The frogs, who all came up near the river, went straight into it with a plop-plop and a loud croaking. The panthers, leopards and things of that sort, sat down at once to wash the loose earth off their hind quarters and then stood up against the trees to sharpen their front claws. The black stallion pawed the ground and tossed its head. Showers of birds came out of the trees. Butterflies fluttered. Bees got to work on the flowers as if they hadn't a second to lose. But the greatest moment of all was when the biggest hump broke like a small earthquake and out came the sloping back, the large, wise head, and the four baggy-trousered legs of an elephant. And now you could hardly hear the song of the lioness; there was so much cawing, cooing, crowing, braying, neighing, baying, barking, lowing, bleating, and trumpeting.

But though Digma could no longer hear the lioness, she could see it.
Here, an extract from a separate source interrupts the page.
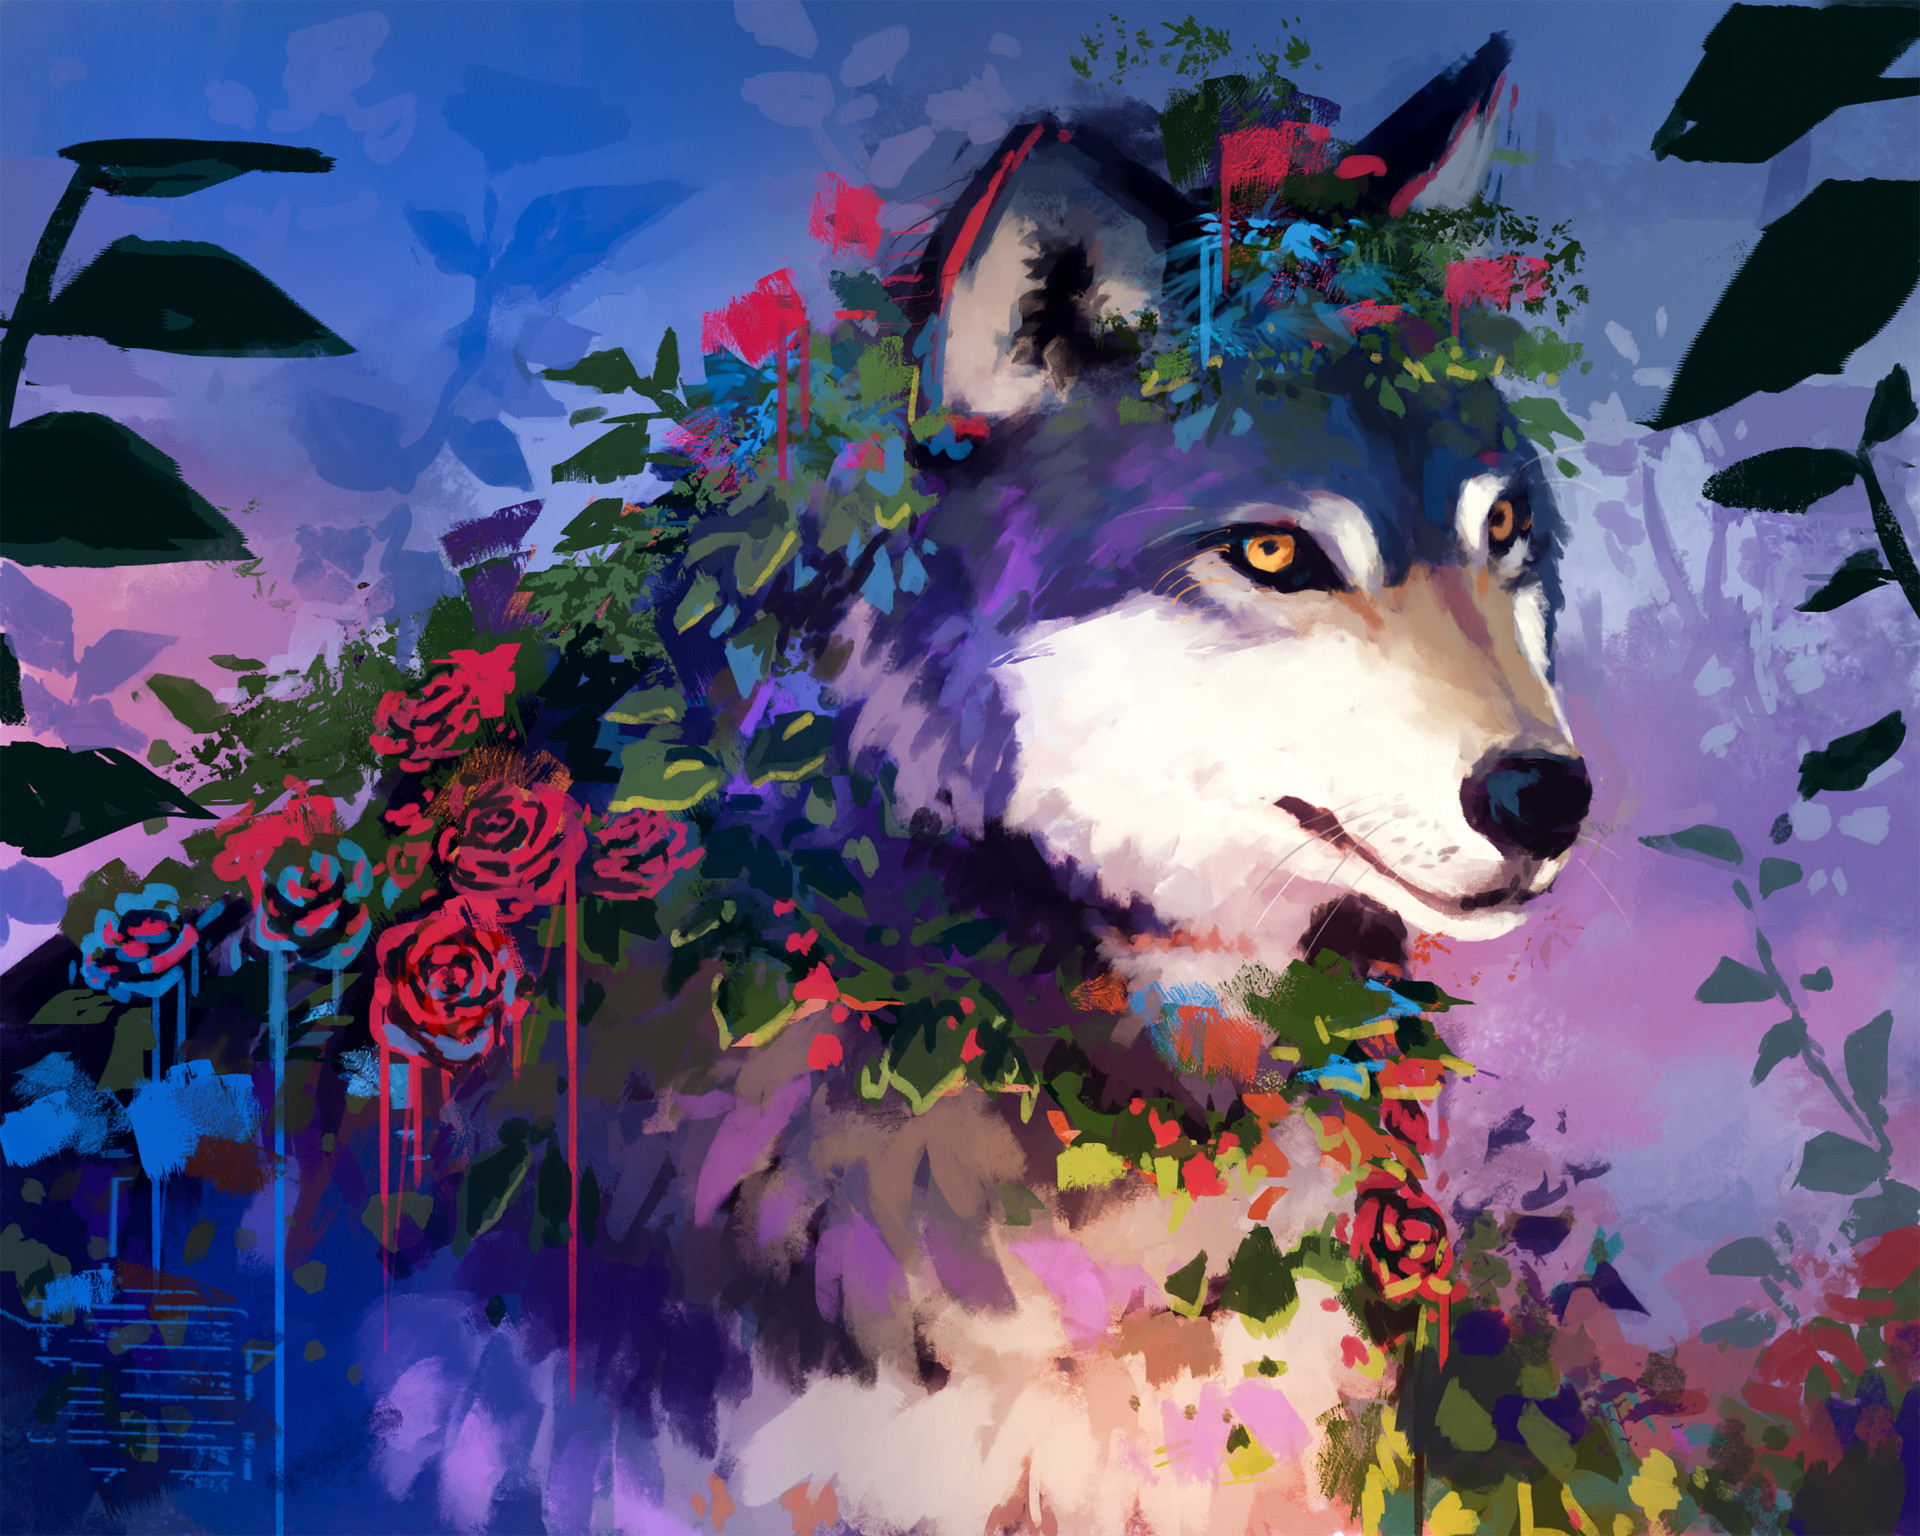 General 1920x1536 Hannah Jones digital art painting colorful dog roses plants animals flowers

It was so big and so bright that she could not take his eyes off it. The other animals did not appear to be afraid of it. Indeed, at that very moment, Digma heard the sound of hoofs from behind; a second later the old cab-horse trotted past her and joined the other beasts, standing next to the stallion. (The air had apparently suited her as well as it had suited Uncle Andrew. She no longer looked like the poor, old slave she had been in London; she was picking up her feet and holding her head erect.)

And now, for the first time, the lioness was quite silent. She was going to and fro among the animals. And every now and then she would go up to two of them (always two at a time) and touch their noses with hers. She would touch two beavers among all the beavers, two tigers among all the tigers, one stag and one doe among all the deer, and leave the rest. Some sorts of animal she passed over altogether. But the pairs which she had touched instantly left their own kinds and followed her. She touched Strawberry and the black stallion as well.

At last, she stood still and all the creatures whom she had touched came and stood in a wide circle around him. The others whom he had not touched began to wander away. Their noises faded gradually into the distance. The chosen beasts who remained were now utterly silent, all with their eyes fixed intently upon the lioness. The cat-like ones gave an occasional twitch of the tail but otherwise all were still. For the first time that day there was complete silence, except for the noise of running water. Digma's heart beat wildly; she knew something very solemn was going to be done. She had not forgotten about her father; but she knew jolly well that, even for him, she couldn't interrupt a thing like this.

The lioness, whose eyes never blinked, stared at the animals as hard as if she was going to burn them up with her mere stare. And gradually a change came over them. The smaller ones - the rabbits, moles and such-like grew a good deal larger. The very big ones - you noticed it most with the elephants - grew a little smaller. Many animals sat up on their hind legs. Most put their heads on one side as if they were trying very hard to understand. The lioness opened her mouth, but no sound came from it; she was breathing out, a long, warm breath; it seemed to sway all the beasts as the wind sways a line of trees. Far overhead from beyond the veil of blue sky which hid them the stars sang again; a pure, cold, difficult music.

Then there came a swift flash like lightning (but it burnt nobody) either from the sky or from the lioness itself, and every drop of blood tingled in the children's bodies, and the deepest, wildest voice they had ever heard was saying, "Nernya, Nernya, Nernya, awake. Love. Think. Speak. Be walking trees. Be talking beasts. Be divine waters."